Менее чем через полчаса на руку были наложены швы, и они уже возвращались домой. Она снова молчала. В горле стоял комок, и, если бы не это, из ее глаз уже текли бы потоки слез.
– Нормально себя чувствуешь? – встревоженно спросил Кристиан, стараясь придать легкость своему тону.
Эта встревоженность заставила еще сильнее сжаться ее горло, но ей удалось выдавить из себя:
– Ага.
– Сильно болит? – через несколько минут спросил он.
– Еще действует наркоз, – ответила она, жалея о том, что никакой наркоз не мог смягчить душевную боль. Ее мозг работал с удивительной ясностью, воспроизводя картины, которые она не желала видеть.
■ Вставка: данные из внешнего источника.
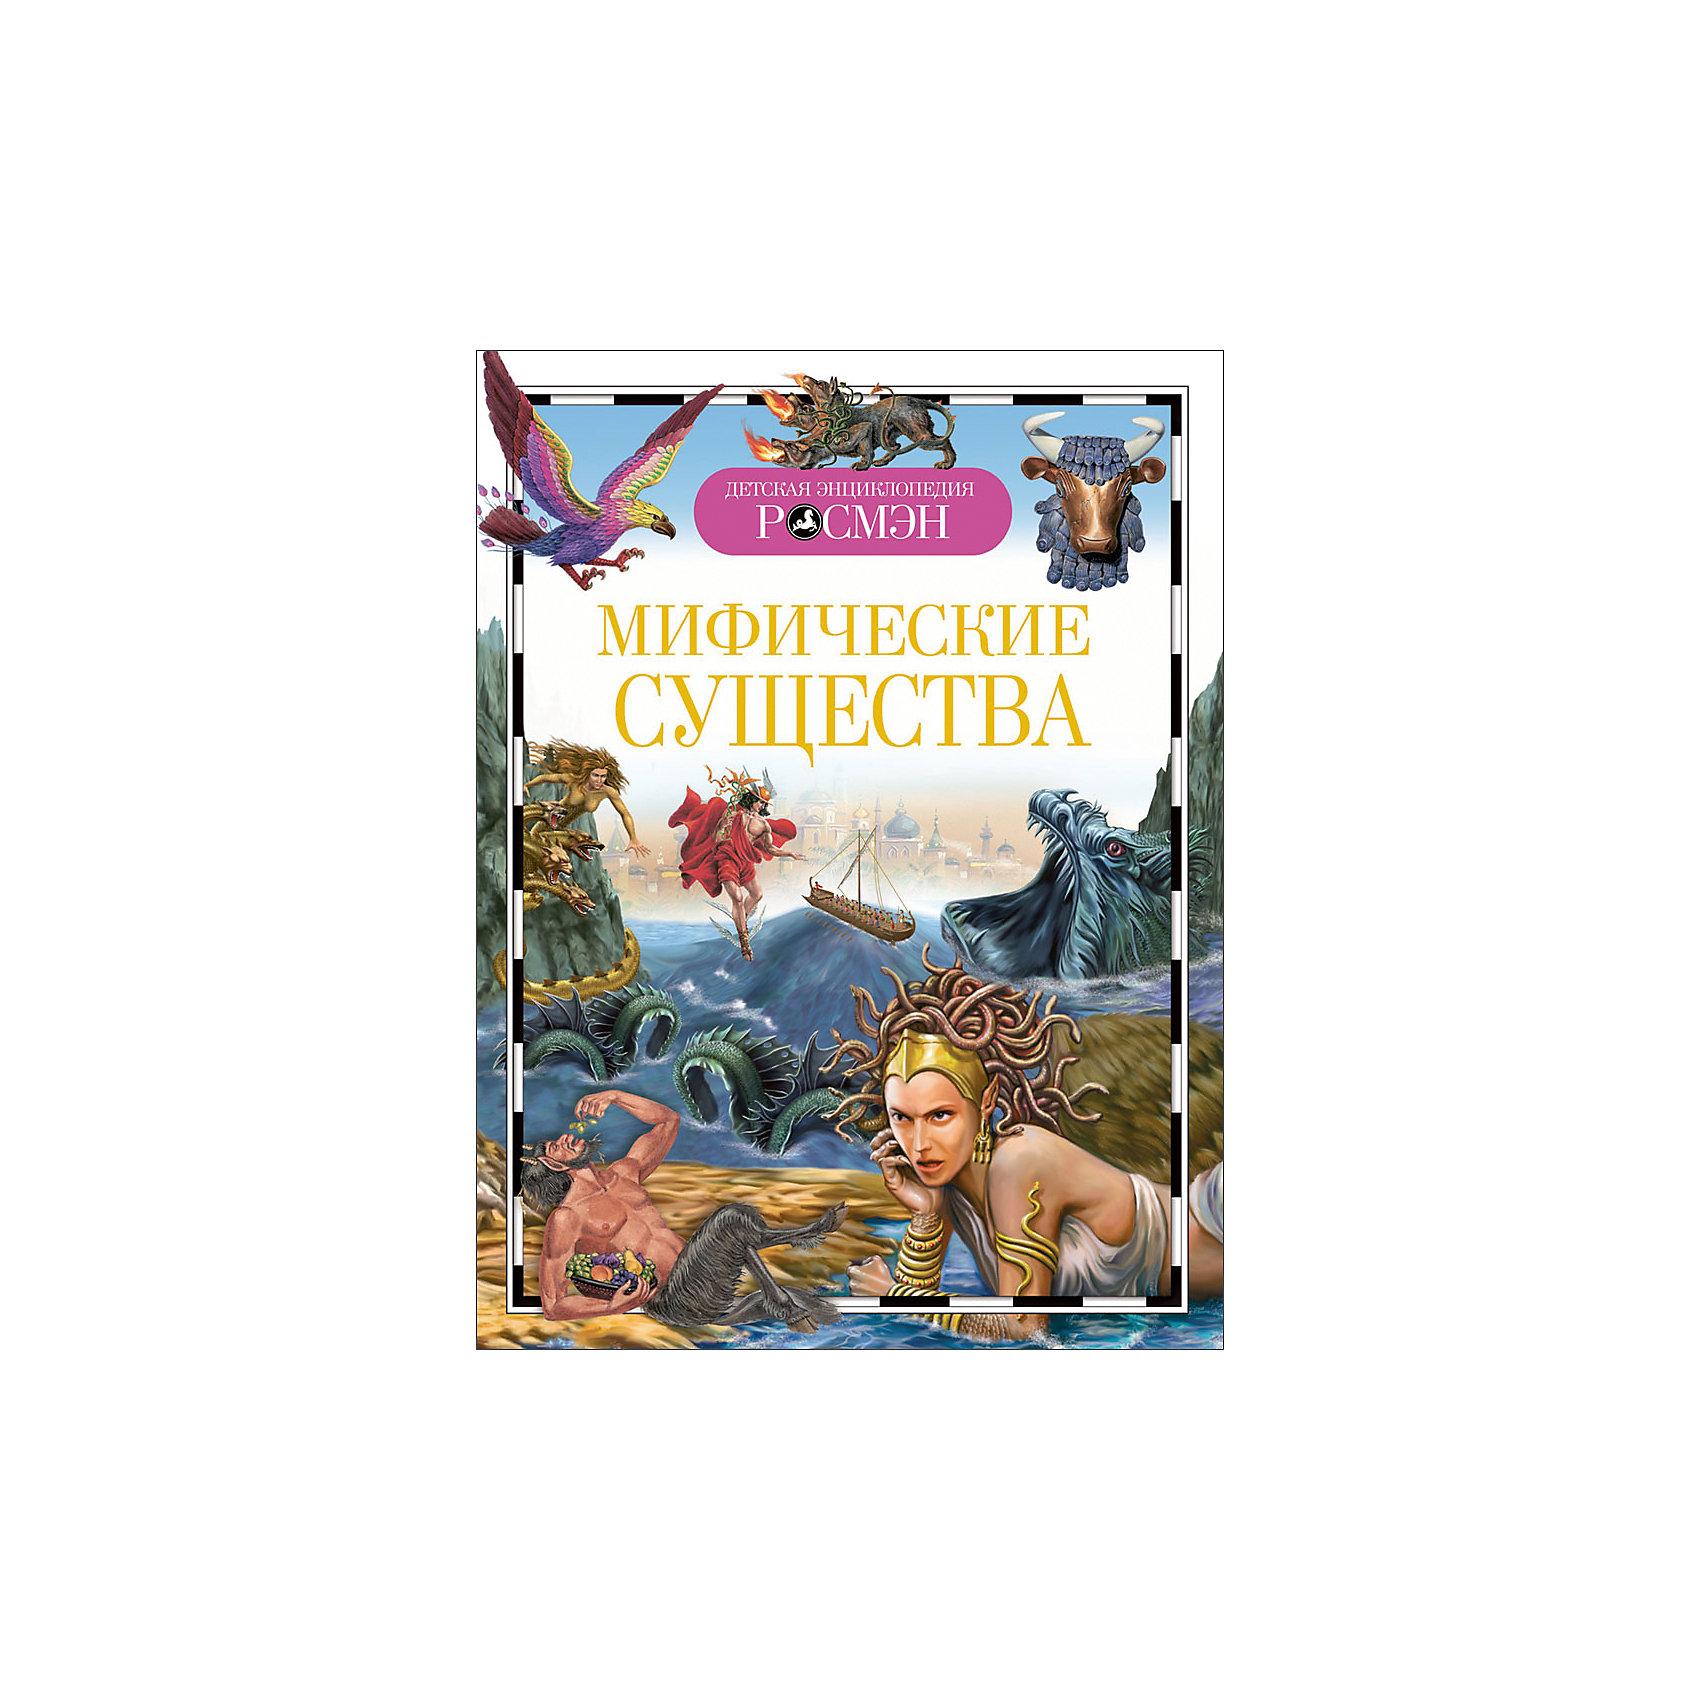 Мифические существаХарактеристики товара:<br><br>- цвет: разноцветный;<br>- материал: бумага;<br>- страниц: 96;<br>- формат: 17 x 21 см;<br>- обложка: твердая;<br>- цветные иллюстрации.<br><br>Эта интересная книга с иллюстрациями станет отличным подарком для ребенка. Она содержит в себе ответы на вопросы, которые интересуют малышей. Всё представлено в очень простой форме! Талантливый иллюстратор дополнил книгу качественными рисунками, которые помогают ребенку понять суть многих вещей в нашем мире. Удивительные и интересные факты помогут привить любовь к учебе!<br>Чтение - отличный способ активизации мышления, оно помогает ребенку развивать зрительную память, концентрацию внимания и воображение. Издание произведено из качественных материалов, которые безопасны даже для самых маленьких.<br><br>Книгу Мифические существа от компании Росмэн можно купить в нашем интернет-магазине.<br><br>Ширина мм: 221<br>Глубина мм: 168<br>Высота мм: 7<br>Вес г: 234<br>Возраст от месяцев: 84<br>Возраст до месяцев: 108<br>Пол: Унисекс<br>Возраст: Детский<br>SKU: 5109981

– Проголодалась? – спросил он еще через некоторое время.
Лаура покачала головой. Когда они затормозили у дома, прошли через гараж на кухню и запах пищи ударил ей в нос, она поняла, что не сможет съесть ни кусочка.
Заверив перепуганную Дебру, что с ней все в порядке, она извинилась и поднялась наверх в спальню. Скинув лишь тапочки, она отогнула край покрывала, забралась под него, натянула его до подбородка и только тогда дала волю слезам, которые давно рвались наружу.
В таком состоянии ее и нашел Кристиан. Еще в больнице он видел, как ее глаза все время наполняются слезами, и понимал, что они не имеют никакого отношения к ее руке, но связаны со всем остальным, происшедшим в ее жизни. Он также понимал, что она не позволит себе плакать в присутствии других, – она была слишком горда и независима.
Кристиану были знакомы эти чувства. Гордость и независимость составляли основные черты его личности. Но, кроме этого, ему была свойственна и решительность. Когда в начале дня он въезжал в Нортгемптон, то не предполагал увидеть и половины того, что увидел: он был потрясен степенью отчаяния Лауры. Он еще не вполне понимал, что с ней произошло, но был твердо намерен не покидать ее, не выяснив этого. А пока он собирался помочь ей. Это тоже было ему свойственно – он всегда помогал своим друзьям. Он был бы рад помочь и своей семье, если бы не был отринут ею с девятилетнего возраста. И он сам позволил своим родственникам сделать это. Он подыгрывал им, давал повод думать о нем плохо. Таким образом он ограждал себя от причиняемой ему боли. Но сейчас он вел себя иначе.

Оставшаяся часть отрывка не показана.